Werner Electric plans to take the Process Trainer around to customer sites for one-day classes where they can talk about anything the customer wants to know. For example flow-control tuning, level control tuning and more. “We’ll have a whole different set of training on the principles of, how do you set a PID (proportional–integral–derivative) controller up? In your logic, how do you do it? Now once you manually start the flow, how do you put it into automatic control and how do you tune it so that when you make a set-point change it goes up to that set-point and stays there? How do you do that? We can show them that.”
Along the way, another goal is to generate interest among young people who are unaware of opportunities in automation.
“There are fewer people, professionals, getting into process control,” Howard says. “We’re hearing customer tales all the time that it’s hard for them to hire people, and we have issues at Werner hiring technical people, that’s just the state of affairs around the country.”
“We want to spark some enthusiasm, some head-scratching, some ‘What are you doing there? This looks pretty cool,’” he adds. Werner plans to take the Process Trainer around to schools where they can expose students to concepts such as human-machine interface (HMI) graphics that might pique their interest. “A lot of the kids are very interested in game development. They play games. Well, when you show them, ‘Here’s an HMI, a human machine interface graphic, you need to create that graphic, you need to tie it in to the logic of the system, it needs to work, you need to trouble-shoot it … all of a sudden you see that there’s an interest growing.”
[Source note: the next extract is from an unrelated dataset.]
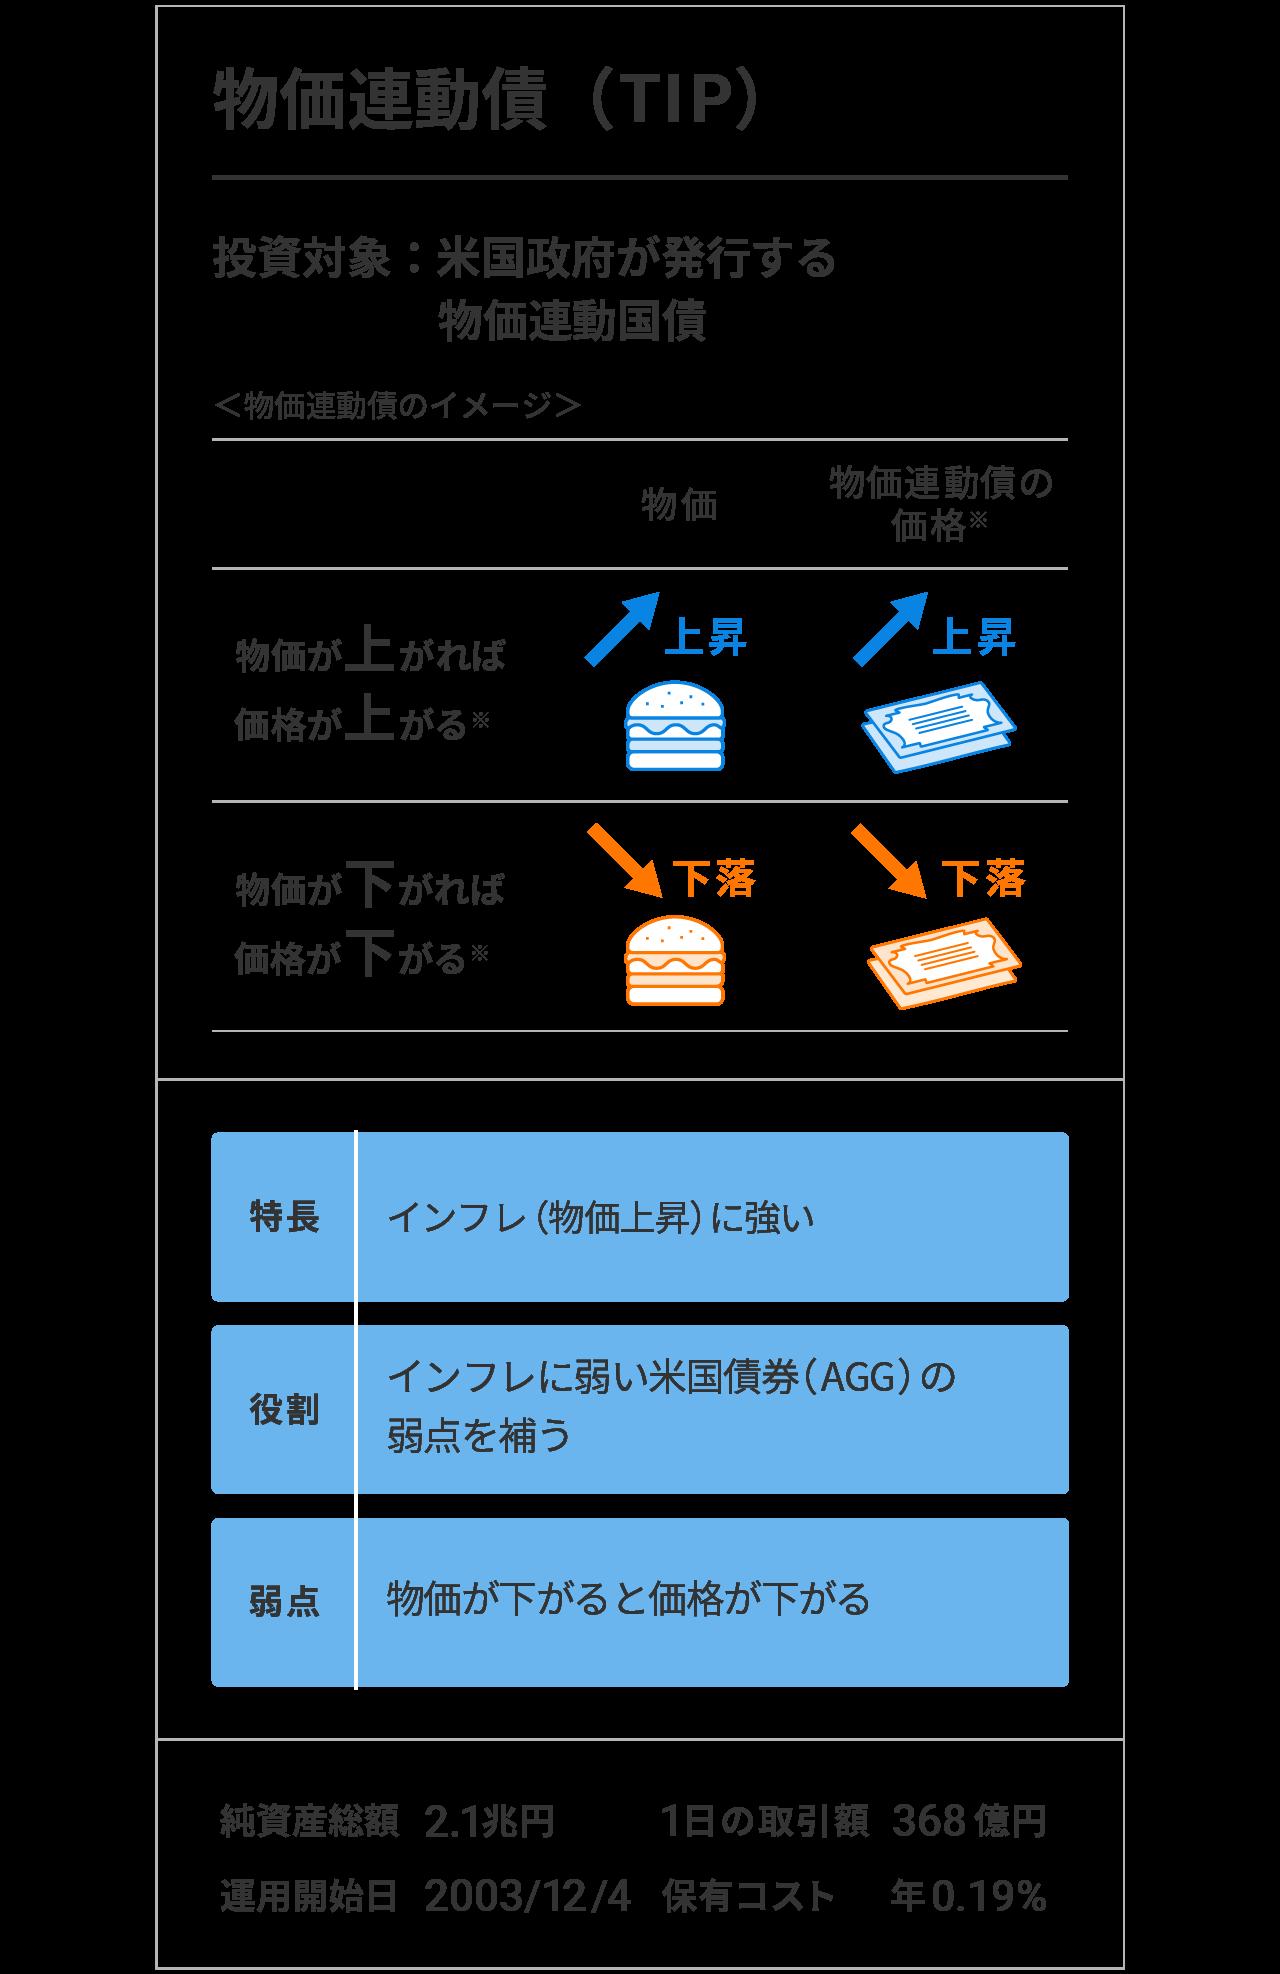 物価連動債(TIP)

Werner Electric Supply made the decision to invest some serious resources in building and deploying the Werner Electric Process Trainer. Howard says the budget for the project was $100,000, and development has included integrating the trainer into Werner’s overall company business plan, developing vision statements as well as all the coursework formats and materials. The company has considered building more than one and offering them to other distributors or third parties, but hasn’t determined yet whether to go that way. There’s also the idea of building another trainer along the same lines for motion control.
For now, though, while they wait for it to arrive, it’s all about heightened anticipation.
“We want it to work and we want to generate enthusiasm around it,” Howard says. “We want to get folks exposed to what process control and instrumentation is all about.”
[Editors note: This version has been corrected from the printed version, correcting the sizes of the acrylic tanks.]